Un document édité par la Confédération Générale du Temps Libéré (CGTL), grâce aux chiffres du Conseil d'Orientation Révolutionnaire (COR). La réforme des retraites entreprise par le gouvernement français en 2010, doit s’interpréter comme une nouvelle offensive de la dictature économique contre la liberté et le bonheur du plus grand nombre. Elle vise à mettre au pas la population française en l’obligeant à travailler plus et plus longtemps, tout en détruisant les mécanismes de solidarité qui, depuis un peu plus de 60 ans, ont rendu supportable l’exploitation salariée.
Le discours mensonger élaboré par l’oligarchie au pouvoir et par les principaux médias qui lui sont inféodés, a présenté cette réforme comme inéluctable. Pourtant, le simple retour au partage de la richesse nationale, tel qu’il s’effectuait au début des années 1980, entre d’un coté les profits et de l’autre les salaires et les diverses prestations sociales, permettrait de dégager chaque année un excédent de plus de 100 milliards d’euros… De quoi combler 10 fois le déficit annuel des régimes de retraite tout en ouvrant de nouveaux droits !

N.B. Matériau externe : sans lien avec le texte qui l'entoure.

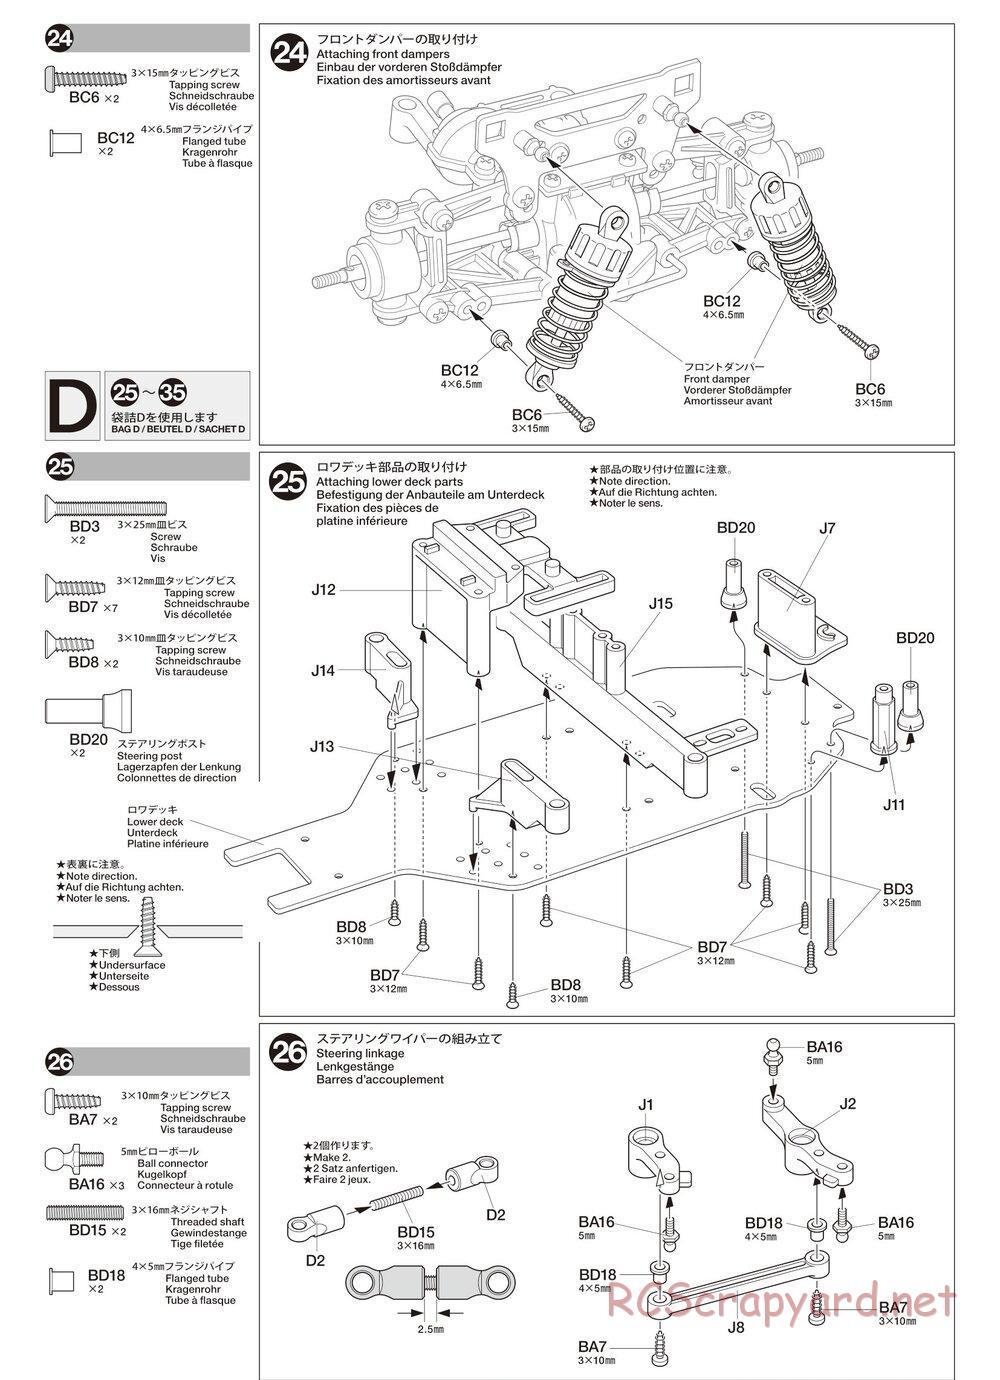 Tamiya - TA02SW Chassis - Manual - Page 12

Les journalistes, aux ordres d’un pouvoir économique qui s’est définitivement aliéné le pouvoir politique, abandonnent d’ailleurs assez rapidement leur médiocre argumentation sur l’ampleur des déficits (après tout, des pertes bancaires beaucoup plus importantes ont été effacées) pour finalement révéler que la réforme est indispensable afin de rassurer les marchés financiers et d’éviter que les agences de notation ne dégradent la note de la France comme elles ont auparavant dégradé la note de la Grèce, de l’Espagne ou du Portugal.

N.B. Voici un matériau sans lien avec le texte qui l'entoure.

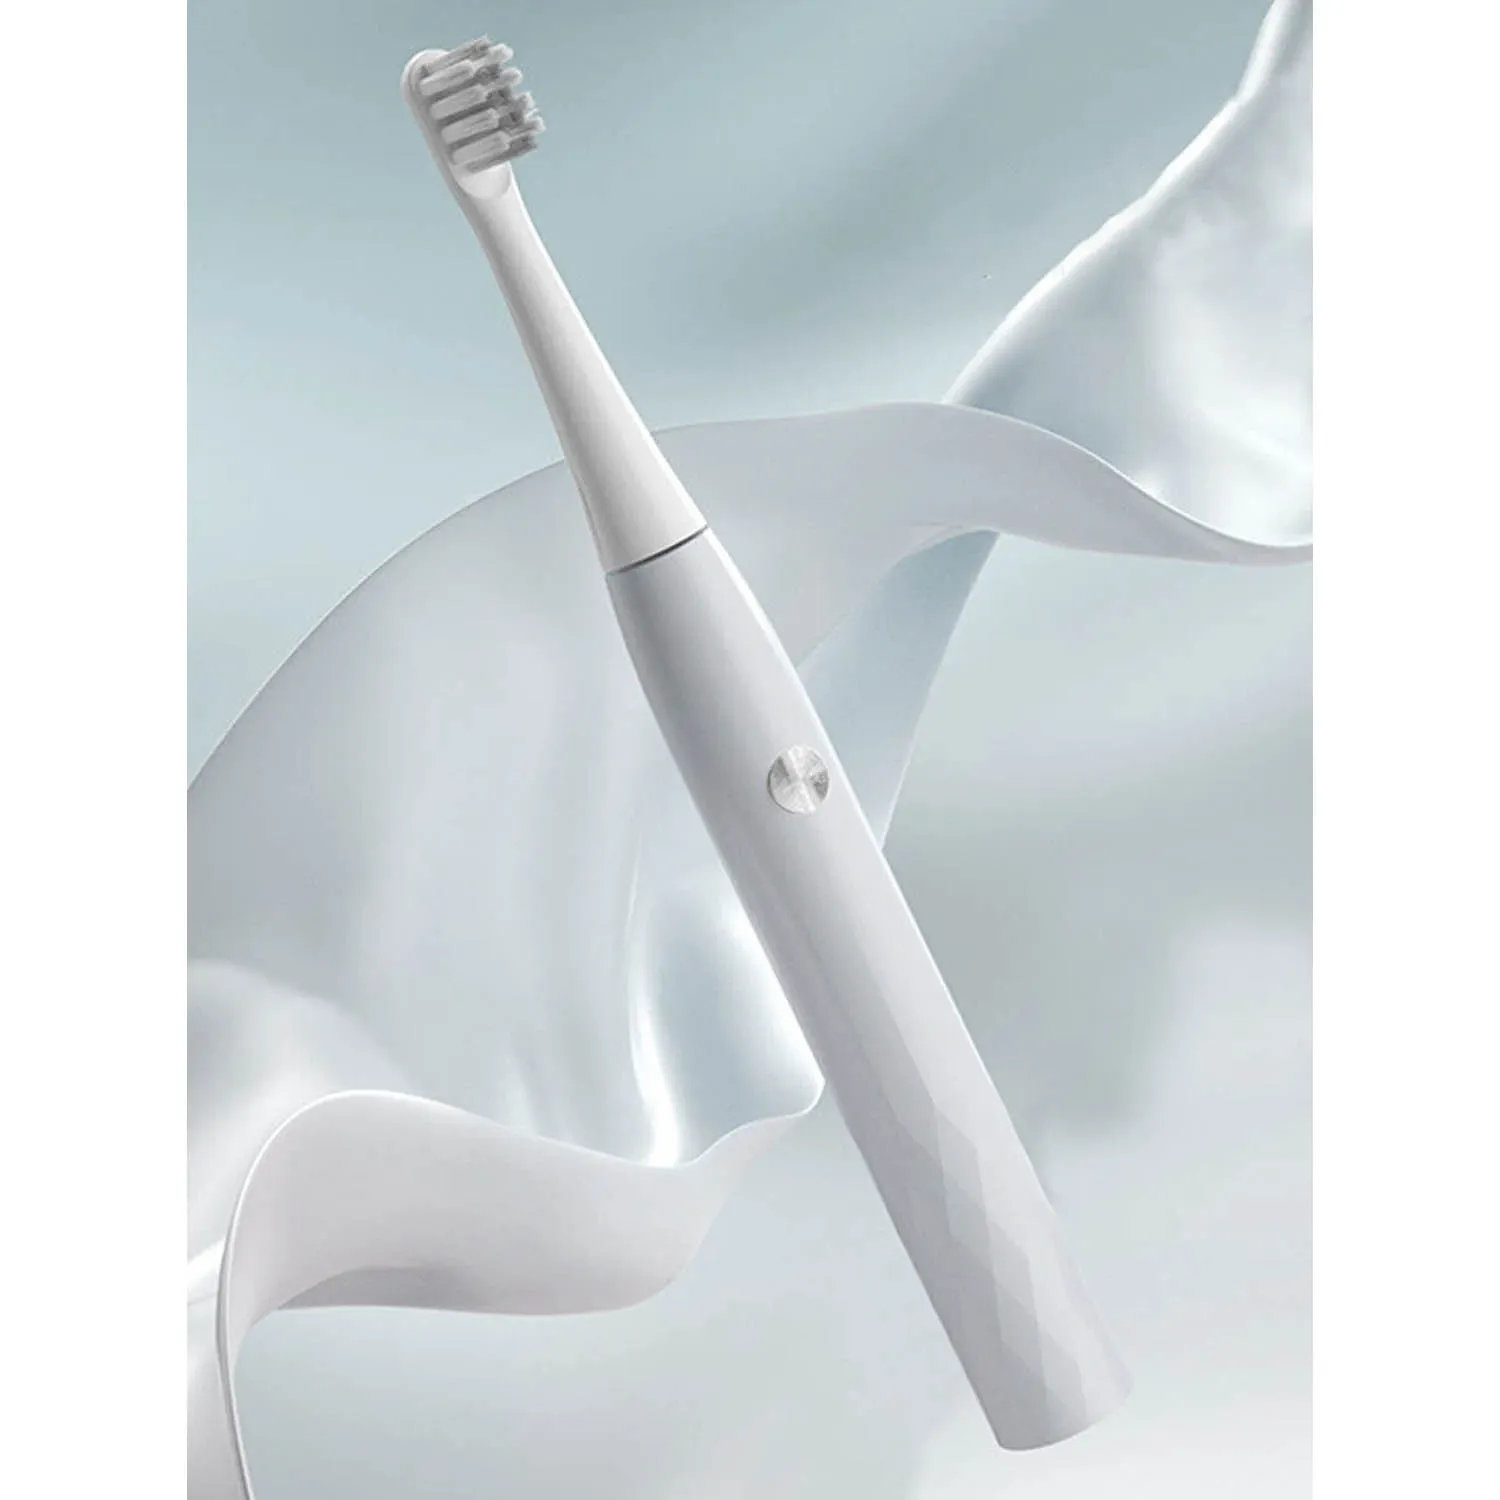 Электрическая зубная щетка Xiaomi Bomidi T501 (белый)

De leur aveu même, la réforme s’inscrit dans le contexte international de rigueur imposée qui marque définitivement la primauté de l’intérêt des actionnaires et des financiers sur l’intérêt des peuples. Au delà de la protection sociale c’est tout le secteur public qui est désormais susceptible d’être « déréglementé », puis bradé, afin qu’une minorité de grands possédants puissent en tirer du profit. Que la plus grande partie de la population perde le bénéfice de services auparavant gratuits dans le domaine de la santé, de la retraite, du logement, de l’éducation ou de la culture ne gène pas les instigateurs de ce sinistre plan. C’est même précisément le but qu’ils poursuivent en Grèce, en Espagne, au Royaume Uni, au Québec ou en France. Car alors, pour assurer sa propre survie, le peuple sera davantage soumis à l’exploitation salariée, imposée dans des conditions toujours plus contraignantes, par et pour le bénéfice des grands possédants.
Les quelques vérités rappelés dans ce tract publié en juin 2010 à l’annonce du projet de réforme des retraites et à l’approche du grand mouvement de contestation sociale qui devait conduire plusieurs millions de personnes dans les rues, n’ont d’autres buts que de faire apparaître la signification profonde de la prétendue réforme : accroître la soumission de la population français aux forces aveugles du marché.

A lire sur cette page d'Esprit68 ou sous la forme d'un livret imprimable de 24 pages, à télécharger ici , ou .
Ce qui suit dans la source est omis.